Two options emerged as a way out of the impasse between Eisenhower and his
deputies. One was to go back to the original idea for ANVIL—a single division
amphibious feint. The other was to mount ANVIL later. Postponing ANVIL after
executing OVERLORD offered a number of attractive advantages. First, scarce
amphibious list and airborne assault assets could be shifted back from England to the
Mediterranean to support ANVIL once it was certain that the OVERLORD force was
ashore to stay. Secondly, a postponement gave U.N. forces in Italy more time to capture
Rome if SHINGLE failed to accomplish that—and capturing Rome was a precondition to
getting Churchill’s concurrence for ANVIL.

It was apparent just a few days after the meeting that SHINGLE indeed failed to
accomplish what was set out for it. Worse, requirements to sustain the hemmed-in
beachhead included a large amount of amphibious lift that were earmarked for ANVIL.
In the minds of the British, this was an American problem—they could either transfer
needed resources from the Pacific theater to solve the shortfall, or they could cancel
ANVIL to do it. The British Chiefs of Staff saw the Italian theater as presenting the best
option to tie down German divisions in ongoing operations; ANVIL would be an
unnecessary diversion and wasn’t going to be linked adequately with OVERLORD given

D-22 Planner’s Handbook for Operational Design


Historical Examples of Operational Design

that these could not be mounted simultaneously and that the French Riviera was a long
way from the beaches of Normandy. 43

American opinion on both sides of the Atlantic hardened in favor of ANVIL and
wheels were set in motion to ensure the resources needed to execute it and OVERLORD
were available. Grim determination persisted throughout the continuous bad news
coming from the Anzio beachhead throughout January and early February, 1944. If
anything, the deadlock in Italy convinced American decision makers that nothing good
could come from pitting more strength against formidable enemy strength—a way around
would have to be found.
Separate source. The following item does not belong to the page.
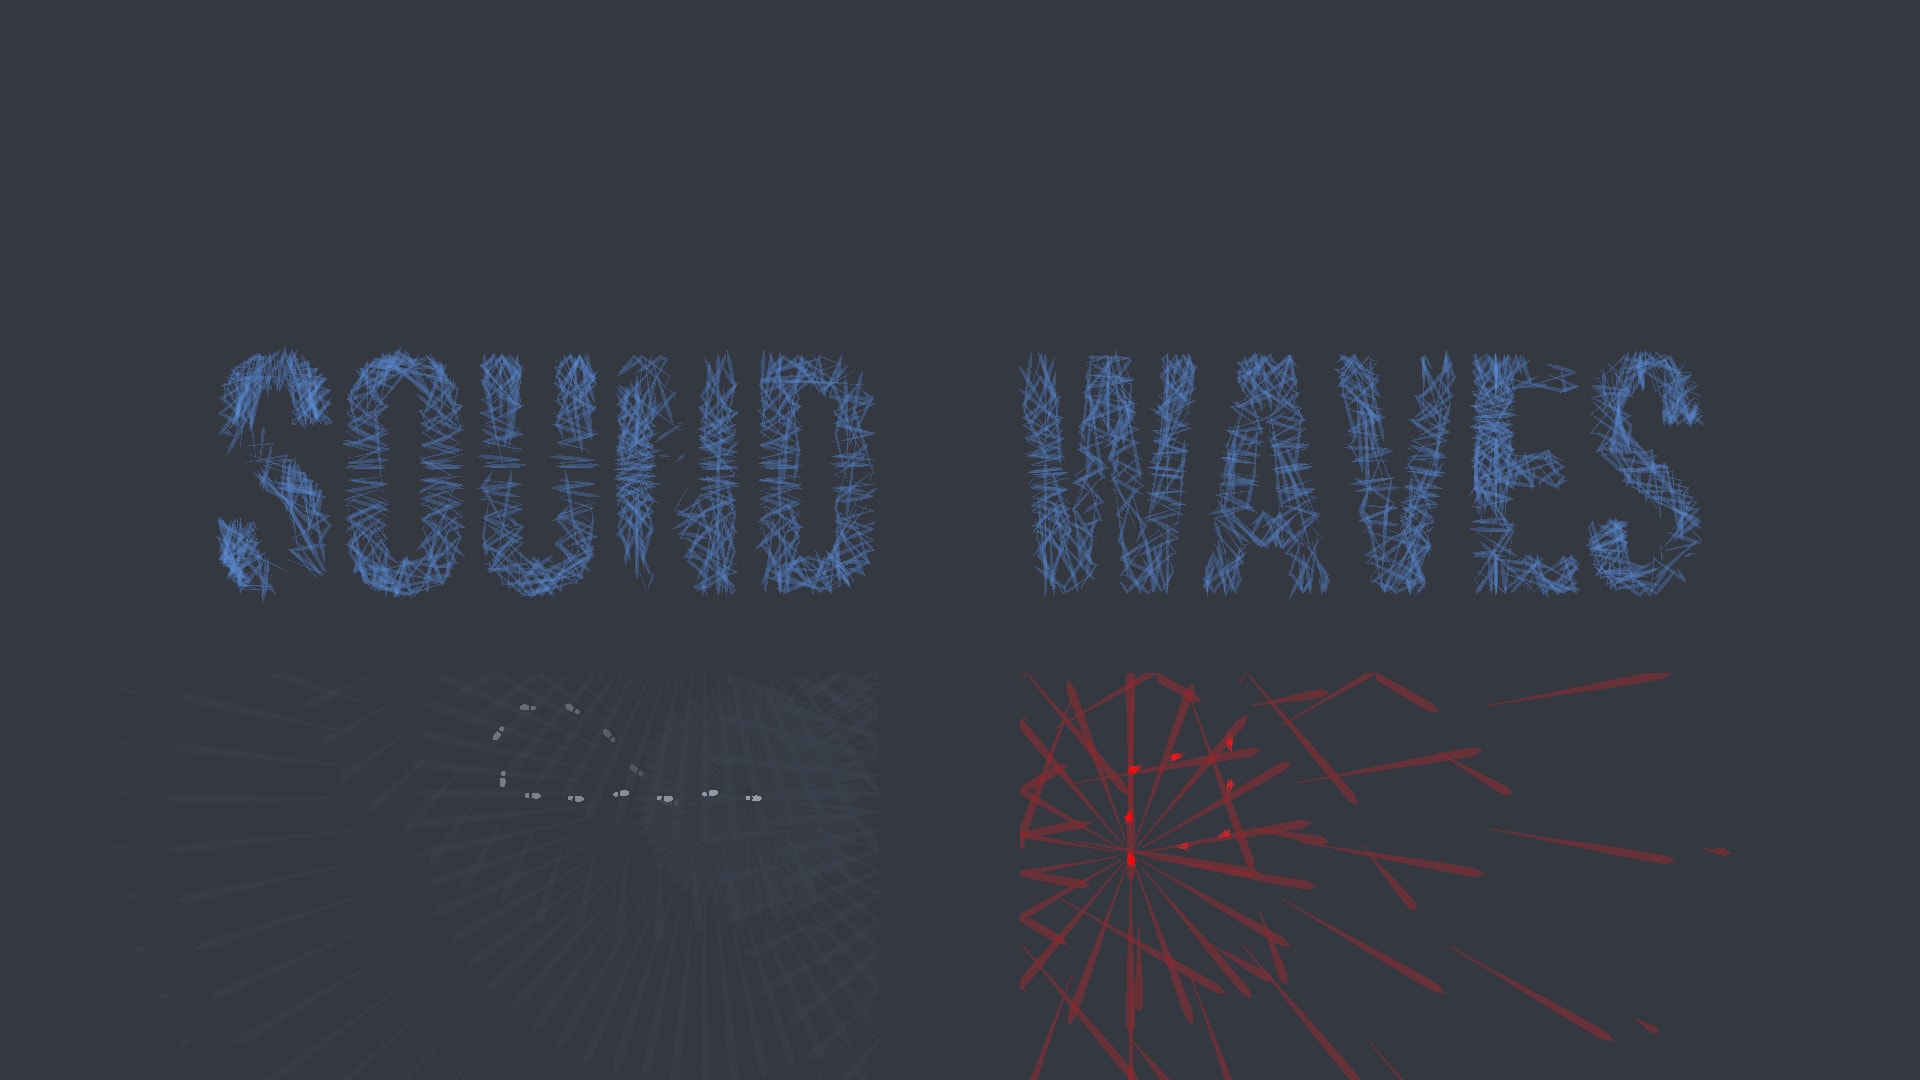 Sound waves 1

But American commitment to ANVIL would be matched with
American commitment to providing more resources—provided their British allies
concurred with the operational approach ANVIL represented. On 18 February,
Eisenhower met once again with his deputies in London, and—this time—they agreed
that ANVIL could be executed, provided the resources were found for it and
OVERLORD to cover identified shortfalls. Eisenhower then presented his case to the
British Chiefs of Staff; while he understood ANVIL would have to occur sometime after
OVERLORD, there were still advantages to be reaped even beyond introducing the
French divisions into the campaign. In his view, the Germans might strip the French
Riviera defenses to try to contain the OVERLORD offensive; thus, even a two-division
assault would provide an operational flanking maneuver that would greatly assist the
liberation of France.

The British continued to insist that Italy was accomplishing in fact what ANVIL
could offer in theory, and their insistence grew louder as American forces earmarked for
the operation were kept from reinforcing exhausted divisions on the Italian peninsula.
The Americans answered back that the Germans were capable of reorganizing their
defenses to run an economy of force operation against the U.N. in Italy, freeing up as
much as fifteen divisions for commitment elsewhere, divisions that ANVIL could attract
instead of Normandy.44

By April, planning for OVERLORD had gone far enough into the campaign that the
advantages of a subsidiary landing in southern France were glaringly apparent. The
Combined Chiefs of Staff made a compromise that the capture of Rome would be
paramount with a review of ANVIL made on 15 June 1944. But without a British
commitment to ANVIL, the JCS refused to make a commitment to diverting landing craft
from the Pacific; Sir Alan Brooke vowed that history would never forgive the Americans
“for bargaining equipment versus strategy and for trying to blackmail us into agreeing
with them by holding the pistol of withholding landing craft at our heads.”45

The OVERLORD invasion and the offensive against Rome would succeed; ANVIL
was set for execution in mid-August. But the British were never comfortable with this
operational approach and continued to lobby for the primacy of the Italian offensive or
landings in Greece or the Balkans that would pre-empt Soviet designs there as well as

43
Ibid, 129.
44
Ibid, 181.
45
Ibid, 193.

D-23
Appendix D

keep German forces away from France. The debate over ANVIL grew heated in June of
1944 as the British made their case for shaping the post-war political map of Europe to
contain Stalin. Eisenhower had up to this point kept his options open on the ANVIL
question as the tough fighting in the Normandy bocage raged on. ANVIL’s execution
date had been agreed for August 15th, but the British hoped it would be either cancelled
or launched against the Balkans. On the evening of June 23rd, Eisenhower made his final
decision that ANVIL would go in against the southern coast of France and summed up
his operational approach in a formal statement:

OVERLORD is the decisive campaign of 1944. A stalemate in the


OVERLORD area would be recognized by the world as a defeat, and the
result on Russia might be far reaching. It is imperative we concentrate
our forces in direct support of the decisive areas of northern France.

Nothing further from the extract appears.